The Dwight D. Eisenhower National System of Interstate and Defense Highways, commonly called the Interstate Highway System (or simply, the Interstate System), is a network of limited-access highways (also called freeways or expressways) in the United States that is named for the President who championed its creation. The Interstate Highway System is a separate system within the larger National Highway System. The entire system, , has a total length of 46,837 miles (75,376 km), making it both the largest highway system in the world and the largest public works project in history.
While Interstate highways usually receive substantial federal funding (90% Federal and 10% state), and they comply with Federal standards, they are owned, built, and operated by the states or toll authorities. For example, the original Woodrow Wilson Bridge (part of Interstate 95 and Interstate 495), was maintained by the Federal government; its new span is now jointly owned and maintained by the State of Maryland and the Commonwealth of Virginia. There are also other Interstate highways within the District of Columbia, which is Federal territory. See Interstate 295 and Interstate 395.
This expressway system serves nearly all major U.S. cities, with many Interstates passing through downtown areas. The distribution of virtually all goods and services involves Interstate highways at some point. Residents of American cities commonly use urban Interstates to travel to their places of work. The vast majority of long-distance travel, whether for vacation or business, uses the national road network; of these trips, about one-third (by the total number of miles driven in the country in 2003) utilize the Interstate system.
The Interstate Highway System was authorized by the Federal-Aid Highway Act of 1956 – popularly known as the National Interstate and Defense Highways Act of 1956 – on June 29. It had been lobbied for by major U.S. automobile manufacturers and championed by President Dwight D. Eisenhower, who was influenced by his experiences in 1919 as a young Army officer crossing the country in a truck convoy (following the route of the Lincoln Highway), and his appreciation of the German Autobahn network as a necessary component of a national defense system. In addition to facilitating private and commercial transportation, it would provide key ground transport routes for military supplies and troop deployments in case of an emergency or foreign invasion. (Memories were still strong of reported Japanese threats to invade the West Coast of the U.S. during WW II.)
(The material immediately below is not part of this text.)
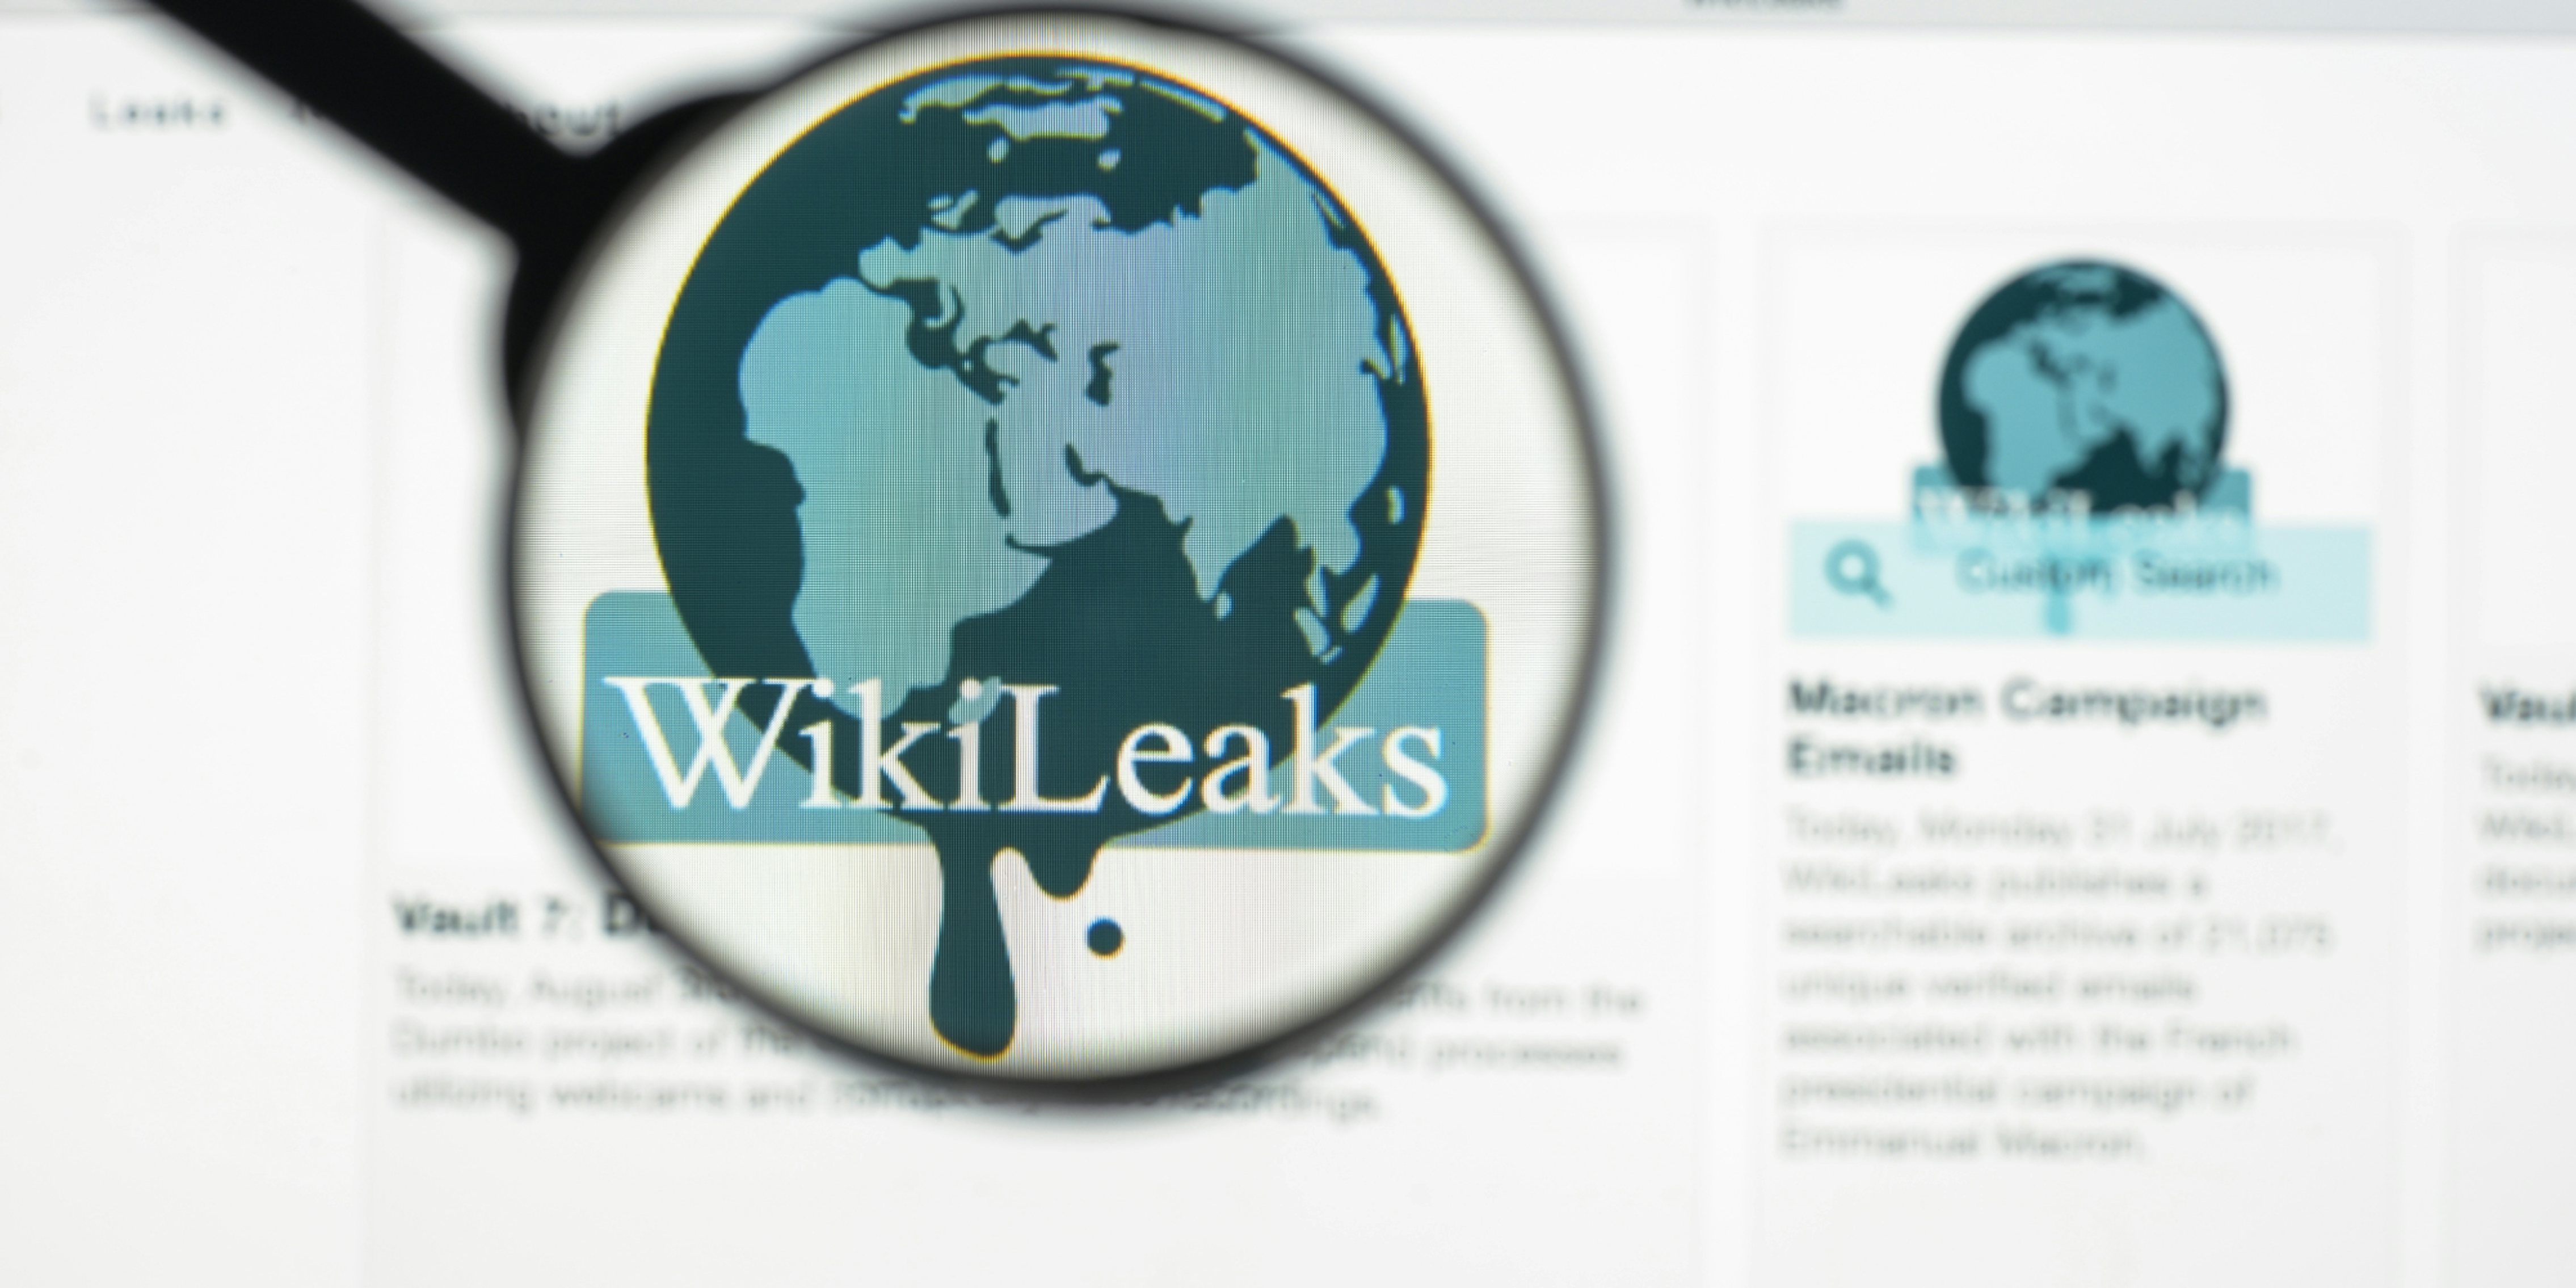 wikileaks logo under a microscope

Initial federal planning for a nationwide highway system began in 1921, when the Bureau of Public Roads asked the Army to provide a list of roads it considered necessary for national defense. This resulted in the Pershing Map. Later that decade, highways such as the New York parkway system were built as part of local or state highway systems. As automobile traffic increased, planners saw a need for such an interconnected national system to supplement the existing, largely non-freeway, United States Numbered Highway system. By the late 1930s, planning had expanded to a system of new superhighways. In 1938, President Franklin D. Roosevelt gave BPR chief Thomas MacDonald a hand-drawn map of the U.S. marked with eight superhighway corridors for study. The publication General Location of National System of Interstate Highways maps out what became the Interstate System, and is informally known as the Yellow Book.
Although construction on the Interstate Highway System actually continues, I-70 through Glenwood Canyon (completed in 1992) is often cited as the completion of the originally-planned system. The initial cost estimate for the system was $25 billion over 12 years; it ended up costing $114 billion (adjusted for inflation, $425 billion in 2006 dollars) and taking 35 years to complete. Additional spurs and loops/bypasses remain under construction. See Interstate 485 in North Carolina for an example. Also, a few additonal main routes remain under construction. See Interstate 22 in Alabama and Tennessee.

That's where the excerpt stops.